Из числа трех портретов, присланных на выставку г. Перовым, два (г-жи Тимашевой и г. Степанова) хороши; но поколенный портрет Островского, в русском тулупчике, – один из совершеннейших, произведенных русскою школою, так точно, как между тремя нынешними портретами, выставленными г. Ге, два недурны, но третий – брата известного итальянского доктора Шифа (писан во Флоренции, в 1867 году – это старейшая картина на всей выставке) – третий этот портрет, всего только грудной, так превосходен, что ему надо пожелать поскорее попасть в какую-нибудь большую общественную коллекцию.
Когда речь пошла о портретах, разумеется, каждый сейчас же спрашивает: «А что же Крамской, где же Крамской? Ведь нынче его портреты знамениты и великолепны – неужели их нет на нынешней выставке?» – Есть, есть, конечно, есть: еще бы не быть тут его произведениям, когда он один из самых неутомимых и талантливых русских живописцев и, вместе с проф. Ге, был истинною душою петербургского отдела Товарищества передвижных выставок. Его картин на выставке несколько. Во-первых, три портрета петербургских художников: скульптора Антокольского и пейзажистов Васильева и барона М. К. Клодта. Все три портрета – первоклассные и исполнены совершенно оригинальным образом, масляными красками, но в один тон – коричневый, очень приятного и теплого оттенка. Портрет Антокольского имеет что-то монументальное – так удивительно сгруппировались застегнутый сюртук и накинутый на плечи плед и, над ними, строгая, серьезная, талантливо глядящая голова. Поколенный же портрет пейзажиста Васильева просто поразителен по необыкновенной непринужденности позы и по юношескому, беззаветному, светлому выражению, веющему из всего лица. Очень хороши также и большой портрет, масляными красками, графа Литке и этюд «головы мужика». Но как собственное создание, все внимание обращает на себя картина г. Крамского: «Сцена из Майской ночи Гоголя». Помните там «пруд, угрюмо обставленный темным кленовым лесом и оплакиваемый вербами, потопившими в нем жалобные свои ветви… Возле леса, на горе, дремал с закрытыми ставнями старый деревянный дом; мох и дикая трава покрывали его крышу; кудрявые яблони разрослись перед его окнами; лес, обнимая своею тенью, бросал на него дикую мрачность, ореховая роща стлалась у подножия его и скатывалась к пруду». Вот эту-то глушь малороссийскую, мрачную и печальную, нарисовал у себя на холсте г. Крамской и сверху бросил на все зеленоватые снопы светящейся бледной луны. В этих лучах, среди нависшей всюду и разостлавшейся по всем направлениям дикой зелени, бродят, сидят, там и сям, тени утопленниц, они носят свое горе, они объяты старым страданием, иные ломают себе руки в отчаянии. Глушь, запустение, неиссякаемое горе – все слилось в поэтическую, чудно мерцающую картину с серебряными отблесками. Только утопленницы не совсем малороссиянки.

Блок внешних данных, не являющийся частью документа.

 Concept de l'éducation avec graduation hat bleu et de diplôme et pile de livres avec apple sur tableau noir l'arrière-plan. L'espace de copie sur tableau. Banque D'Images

Воротившийся, наконец, из долгих своих гостин в Париже г. Гун выставил целых пять картин и рисунков. Между ними нет значительных композиций, но все, что тут есть налицо, отличается, как все у г. Гуна, замечательною, почти французскою элегантностью, вкусом и необыкновенным мастерством исполнения. Лучше всего – этюд головы старика в старом французском солдатском шлеме, быть может, времен Варфоломеевской ночи, и улица в нормандской деревушке.
Воротимся, однако, опять в Москву, к товарищам Перова.

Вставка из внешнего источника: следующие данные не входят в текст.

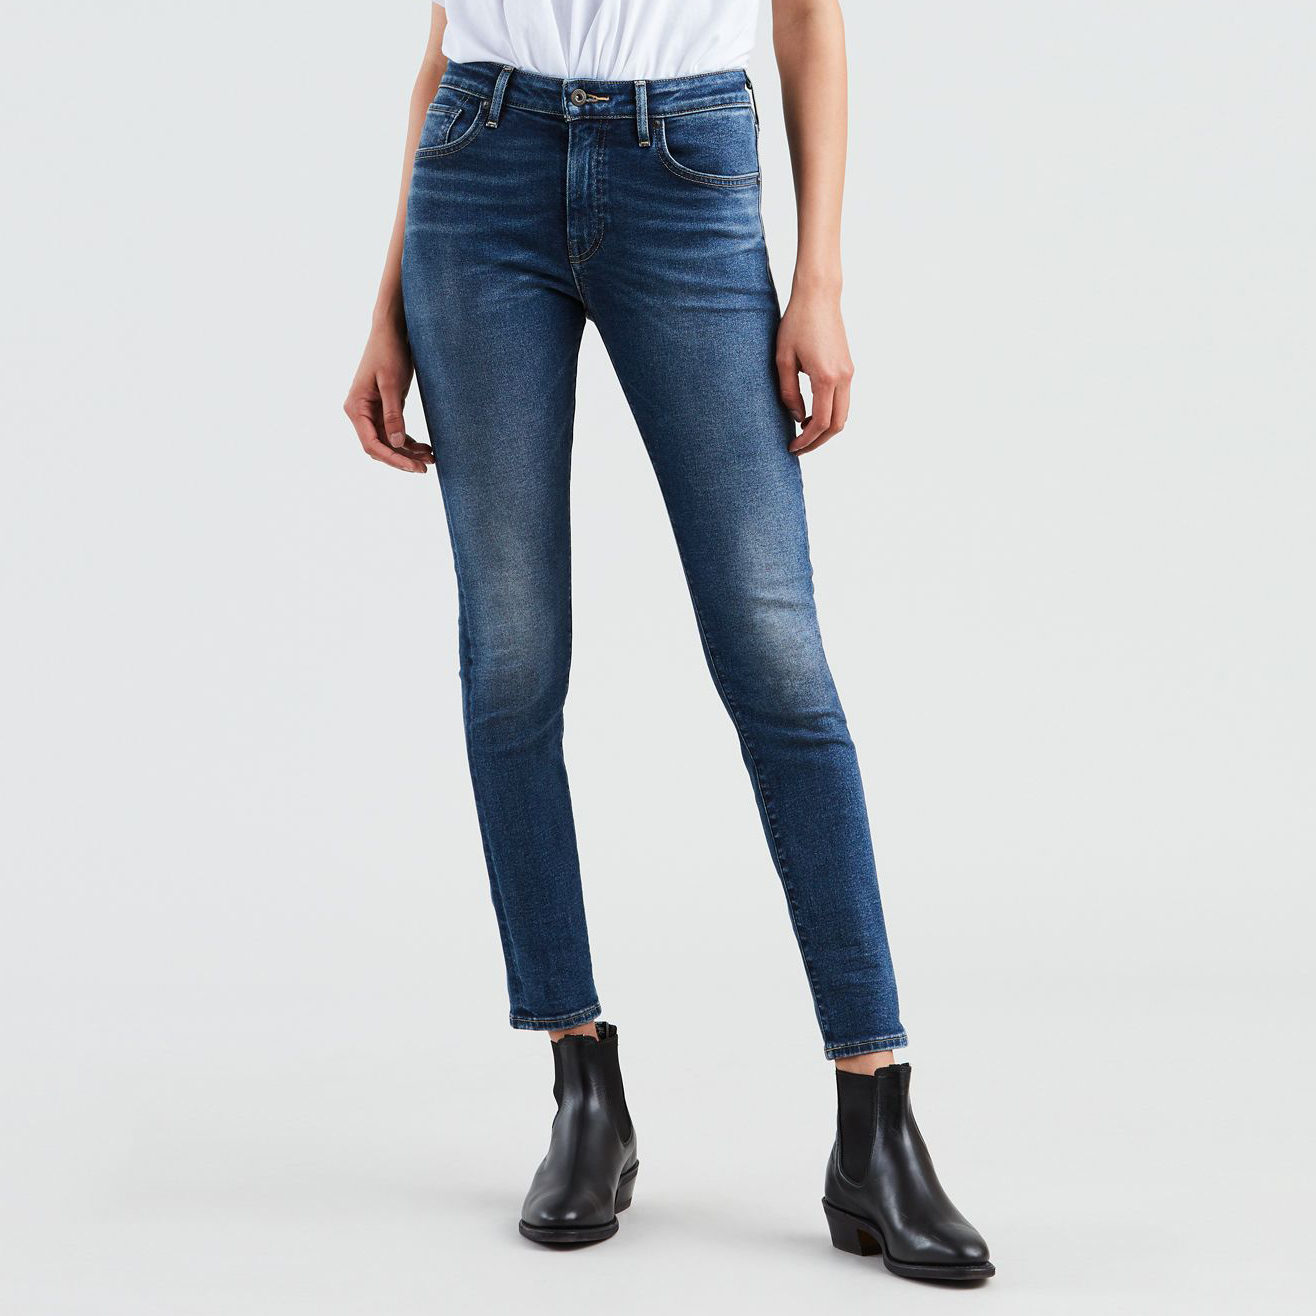 branded jeans sale online

В последние годы немало было жалоб на то, что после блестящей первой своей картины «Гостиный двор в Москве», разом сделавшей имя его известным, г. Прянишников вдруг остановился и даже как будто вовсе сошел со сцены. Долго ничего не выходило от него, ничего, стоящего внимания: прошлогодние «Калеки перехожие» были вещью только что посредственною. Иные начинали побаиваться за будущность и этого талантливого человека, но вдруг – нынешняя выставка, и г. Прянишников является на ней опять с блеском. Его картин две: «Погорелые» и «Порожняки». Первая – вещь красивая, милая, но не многим дальше пошла против «Калек»: нищая молодая баба, красивая, румяная, круглолицая, идет прямо на зрителя, с ребенком, завернутым в полу тулупа; и она, и ее ребятишки, по сторонам, протягивают руку, глаза их в слезах, ни лицо, ни голос, кажется, еще не привыкли просить и надоедать – они все еще новички; кругом зима и снег, нахлобучивший дерева. Но, несмотря на удачное выражение и красивость целого, ничего особенного в этой картинке нет. Другое дело – «Порожняки». Опять зима, опять снег, но только где-то далеко, за городом, только по сторонам мелькают тощие, голые березки. И вот тут-то, заворачивая по дороге в сторону, тянется маленькой рысцой шесть пустых розвальней – это они спустили товар в городе и возвращаются домой. Извозчики сидят на дне саней, у самой земли, от холоду уткнувшись в поднятые воротники своих сермяг и тулупов; осунувшиеся лопатки и ребра деревенских лошаденок торчат из кожи; мохнатая хозяйская собака на бегу роется передними лапами в сугробе снега, кругом по белому полю прыгают и чешут носы вороны; и вот на последних розвальнях, у самого глаза зрителя, сидит, свернувшись калачиком, прозяблый семинарист, с пачкой книжек, перевязанных веревочкой, и еле-еле сам прикрытый пальтишком и с обмотанным около шеи шарфом. Это он на рождество или на масленую домой едет, пристегнувшись к «оказии». Ему холодно, потухшие над латынью глаза вяло смотрят – кажется, он ни про что больше не думает, как только: «Ах, поскорей бы какой-нибудь постоялый двор, да горячего чаю!», и чувствуешь везде кругом такое молчание, среди угрюмого снегового пейзажа все умерло, нет ни звука, кроме однообразно щелкающих копыт и редкого понуканья проснувшегося извозчика. По выражению, по тону, по картинности и рельефу эта маленькая картинка – одна из лучших наших картинок последнего времени.